Summer science program intrigues high-schoolers

July 05, 1992|By Sherrie Ruhl | Sherrie Ruhl,Staff Writer

It is summer and school's out. But for some Harford high school students a science-awareness program is in.

The weeklong program combines field trips with hands-on experience and gives students a chance to explore areas of science that interest them.

Is there life beyond the solar system as we know it, or a planet waiting to be found in some distant galaxy?

Wanda Gee thinks so, and she wants to discover it. Wanda, 15, has had plenty of opportunities to learn more about science, thanks to the Summer Science Awareness Program offered to minority students last week through Harford Community College.

"Science is my favorite subject. I like doing experiments, and I like to make things blow up," said Wanda, who will be in the 10th grade at Aberdeen High School in the fall.

Wanda said she wants to be a chemist or a chemical engineer and also would like to study astronomy.

"I think I can discover something new," she said.

Wanda was one of 16 students about to enter 10th grade at Havre de Grace High School and Aberdeen High School, who attended the weeklong session on environmental science.

A similar program that focused on chemistry was held for 20 ninth-grade students the week before at the college.

The programs are sponsored through Harford Community College and Harford County Public Schools, the Chemical Industry for Minority Engineering Inc. in Philadelphia, a non-profit organization with the mission of getting more minority students interested in the sciences. Two local corporations, J. M. Huber Corp. and American Cyanamid, both of Havre de Grace, were also sponsors of the program.

There is no cost to the student, and transportation, supplies and lunch are provided.

Linda M. Parker, HCC's minority recruiter, said programs like this one are essential if more minority students are going to become involved in the sciences.

Ms. Parker said the program gets students to think about careers in science, and at the same time, "serves to inspire minority kids to stay in schools."

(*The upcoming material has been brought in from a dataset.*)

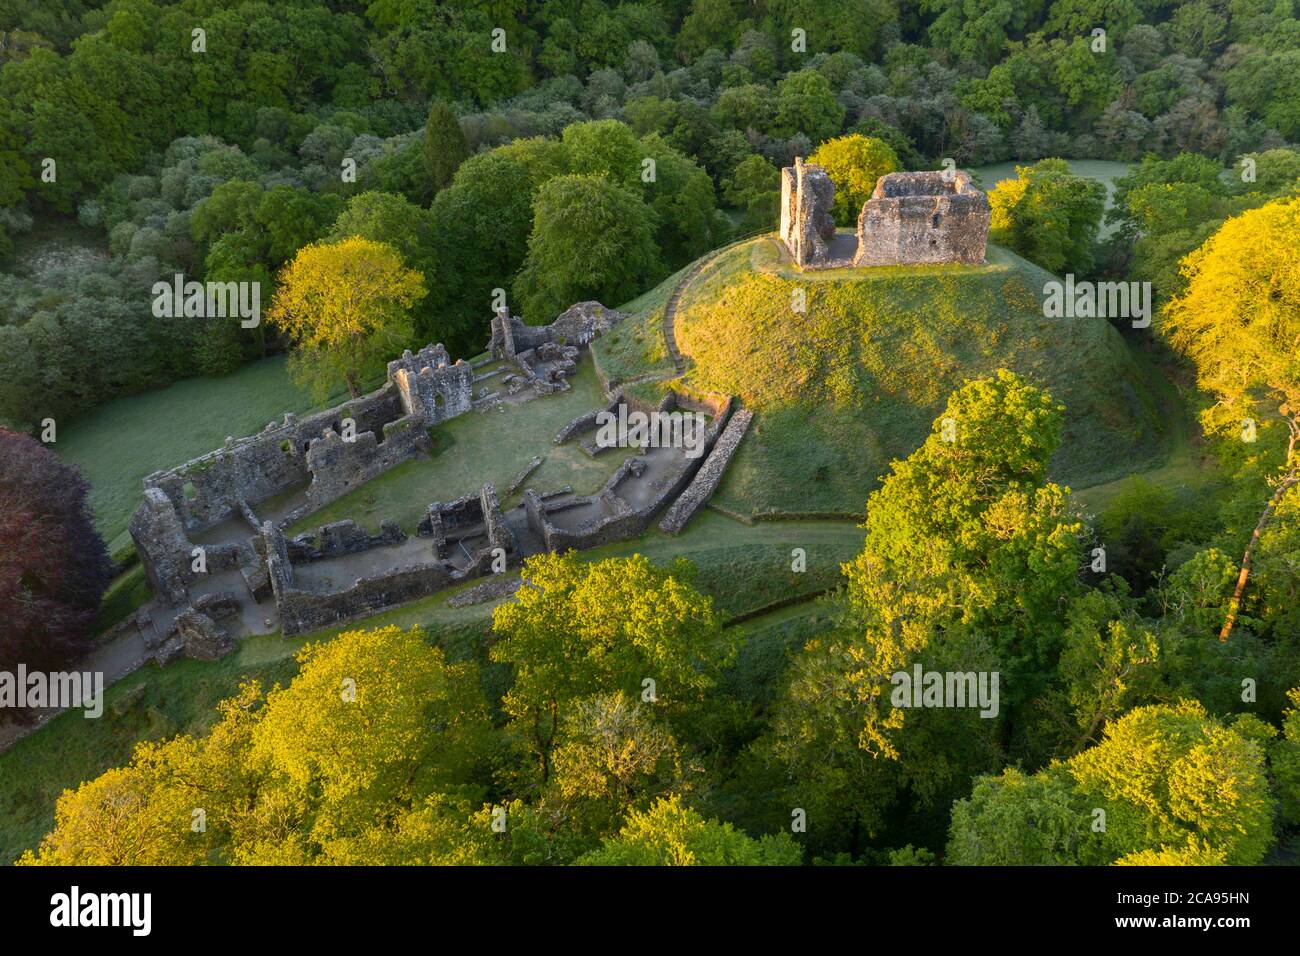 Immagine aerea che mostra le rovine del castello di Okehampton in una mattina di primavera, Okehampton, Devon, Inghilterra, Regno Unito, Europa Foto Stock

Frederick Merritt, 15, got to take biology last year at Aberdeen High School instead of earth science like most other ninth-graders. He said the environmental sciences program at HCC expanded his scientific knowledge because of the experiments he did.

Frederick said he is determined to go to college but is not sure what he wants to study.

TH Program participants took field trips to local industries, including

Aberdeen Proving Ground, and several environmental sites. They also got hands-on experience conducting some experiments at HCC laboratories.

Kaye Starnes, director of community services at HCC, said the program gives students a chance to see the possibilities for well-paying jobs in their own community.

"It also shows the students what it takes to be part of those jobs," she said.